Don't stomp on your character's voice!

Unlike this picture of a clothing store display I took in Bologna, Italy, Ellen Hopkins' books aren’t about conformity or teens who fit in, they are about the teens who don’t fit in.

Ellen Hopkins is the author of seven books for young adults (many of which are New York Times Bestsellers) and she was a presenter at the SCBWI Bologna Symposium. She talked about the Young Adult Renaissance. With titles like Crank, Burned, Impulse, Glass, Identical, Tricks and Fallout, her books deal with edgy, yet realistic, y/a issues. Ellen talked about the experience of having her books banned. She read some of the touching and heartfelt letters from youth who could relate to the subject matter she wrote about, and youth who couldn’t relate directly but appreciated the honesty with which she wrote.

According to Ellen, young adult books deal with the edgier material that is harder to deal with in a tween market. The young adult market has been pushed to age 14 plus. In middle grade or tween books there is more positive interaction between the protag and the family. In y/a the parents are often in the role of the antag.

She believes y/a to be a hungry market. Unlike tween readers who rely on their parents to buy their books, young adult readers buy their own reading material. She believes the middle grade market is more of a library market. A writer for young adults has a responsibility to shed light on old problems and to make a positive difference in a young person’s life. Ellen implored us to not underestimate our readers – keep the characters real.

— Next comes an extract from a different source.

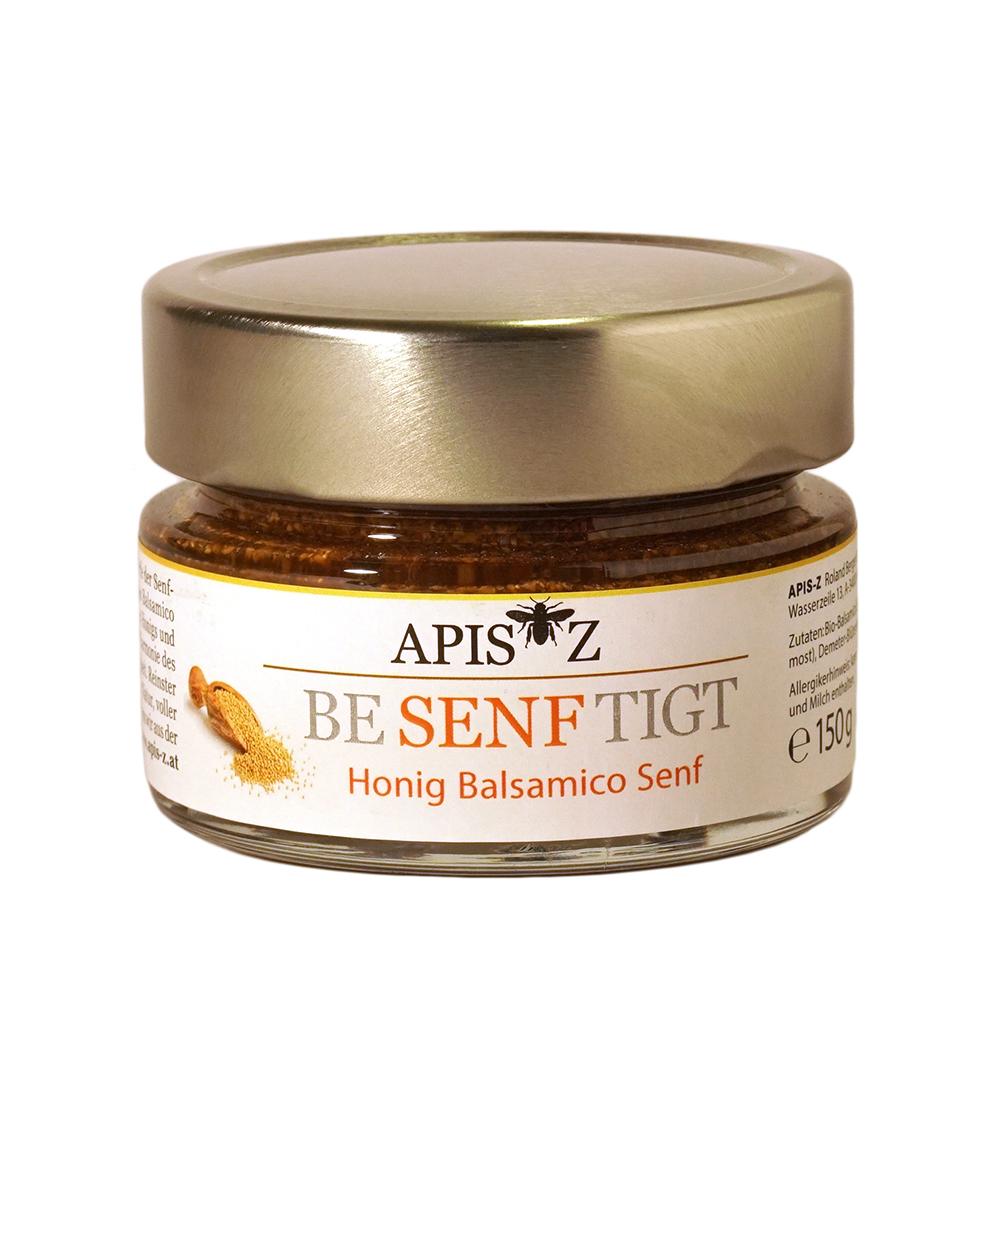 Be SENF tigt - Honig Balsamico Senf

Y/A novels have a contemporary situation, a protag, an antag, friends, foils and adults.

In terms of the voice of y/a she had some advice:

- this generation is visual, use unusual formatting, verse, journals, letters, text messaging;

- y/a novels are often told from 1st person to put the readers in the character's head and y/a authors often use present tense;

- don’t stomp on your characters’ voices with your voice as storyteller;

- don’t avoid the tough stuff, but be sure of your facts – a nonfiction background comes in handy;

- tell a story that’s close to you, that hurts or makes you squirm;

- beware of authorial intrusion; and

- beware of didacticism and slang which can date your story.

If you are guilty of authorial intrusion and didacticism yee shall be banished to the authorial attic:

Ok, that’s really the view from the bathroom of my nephew’s flat in Bologna. Maybe this would be a better authorial attic…

or this one:

Okay, I like taking pictures of windows, does that make me a bad author?! Off to the authorial attic for me ...

Back at the symposium, I had an opportunity to read, to the group, the first page of my yet, untitled, y/a manuscript. Ellen had some helpful comments that I will keep in mind as I finish writing it. One of which was to write it in first person (but do I want to be that author who writes everything in first person? – do I care?).

Once again I have written a too-long blog post! (but there was so much great stuff!) and won’t be able to get to the agent panel (telling it like it is) in this blog post.

I shouldn’t make promises I can’t keep, but I will promise, next blog post: Rookie mistakes: how to avoid them and stay out of the authorial attic.


Dawn said…
My best friend's daughter loves Ellen's books. I have them all in my TBR pile.
Jade said…
I still haven't recovered from my jealousy that you were over there.
Anonymous said…
Wow, thanks for this, Jan! Love her books and am amazed at what she can do with voice. Favorite is IMPULSE.
annerallen said…
What a great set of guidelines for writing YA! I've published some YA stories, but I'm about to make the plunge into a novel, so this is really helpful. Thanks.
Ellen Hopkins said…
Thanks, Jan! It was a wonderful trip, a beautiful city... great people, awesome writers. Definitely a favorite memory.